Although local indigenous communities have for centuries built amphibian homes, a new variety of floating architecture has appeared on the river’s edge. Flotantes, as they are called in Spanish (flutuantes in Portuguese), are homes that also serve canoes and boats as gas stations, hardware stores, offices, grocery stores, restaurants or bars. There are also floating boat terminals and even floating parking lots. A few of the flotantes are constructed as flat-bottomed boats but most, like the floating homes, use giant Amazon jungle tree trunks strapped to the bottom of the constructions to buoy themselves up.

When the water level of the Amazon River begins to drop, a small island opposite the port in Leticia emerges. Local residents hammer together wooden planks to create a single, improvised bridge over the river inlet to connect their island to the city.

Named La isla de la fantasía (Fantasy Island) and settled over the past 50 years by approximately 200 indigenous families, this island is not officially considered part of Leticia. A consumer dead-zone without streets, parks, hotels, restaurants, bars or cafes, the area is represented on Google Maps as an empty grey area on the city’s edge.

The town located on the top of the island undergoes a complete sea change over the year. When the river is low, usually from September to February, the Amazon River retreats to the far side of the island and residents grow plants and crops and can walk to the port. When the river rises, usually between the months of March and August, the gardens lie buried beneath the river and residents must use canoes whenever they wish to walk out of their homes. 
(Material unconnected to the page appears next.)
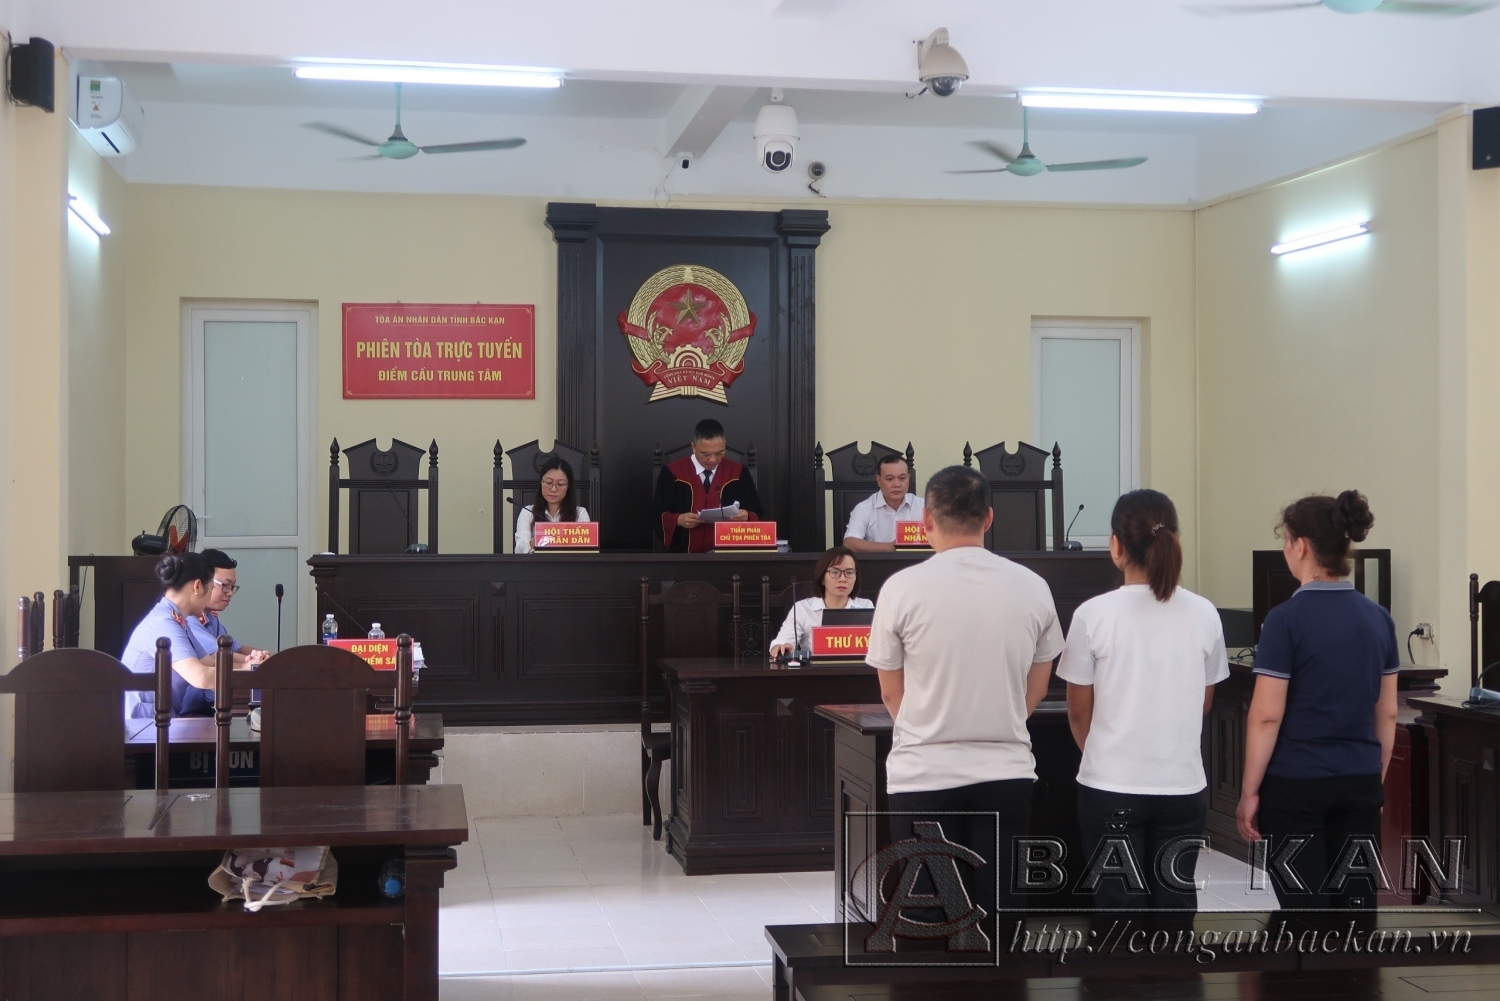  Tòa án nhân dân tỉnh Bắc Kạn xét xử vụ án hình sự về tội “Cho vay lãi nặng trong giao dịch dân sự” xảy ra tại huyện Chợ Đồn

To survive the rise and fall of the Amazon River, the houses on Fantasy Island must by force of nature be amphibian. Palafitos, one- or two-story houses built on wooden stilts sunk into the earth, are designed to function both on land and half-way beneath water. When the river buries the island, the palafitos appear to be floating on the surface of the water, the wooden piles that anchor them to the island hidden from sight. When the waters recede, these homes hover high above the earth on stilts.

When constructing their home, people normally calculate the height of the stilts from last year’s water line, a line that remains visible on trees and homes throughout the year. Any fluctuation in the water level of the new year, however, can lead to flooding within the house. When the water level surpasses the height of the home, owners must construct scaffolding to raise their floors above the encroaching water, yanking out the floor, plank by plank, and rebuilding it higher, often several times a year. Palafitos are thus constructed to be easily reconstructed, and both the houses and the wooden stilts they are built on are made from the same Amazon hardwood as the water-resistant wooden canoes. 

In the Amazon, everything solid eventually melts into the water, and this island is heading in that direction.

Although residents live rent-free, La isla de la fantasía is no paradise island. Formed as it is from deposits of sedimentation carried by the river over time, the island offers no solid earth upon which to build homes, and is thus considered high-risk real estate. In addition, there is no electricity, internet, running water or sewage system on the island. Most of the homes are bare-bone rib-shacks that hide extreme poverty behind bright colors. Due to the never-ending ebb and flow of the river, plus the intense seasonal flooding, chunks of land from the banks of La isla de la fantasía are constantly being eroded. In the Amazon, everything solid eventually melts into the water, and this island is heading in that direction.

Due to the deforestation that is decimating the Amazon Jungle and the rise in temperatures worldwide, the Amazon River, the most protean, shape-shifting body of water in the world, continually suffers ever greater transformations. Even though it is generally considered a universal principle, Heraclitus’ concept of flux has been essentially altered by the works of man, and thus it is impossible to predict what local residents in this particular bend of the Amazon River will be stepping into in the years to come and how, if at all, their communities will stay afloat.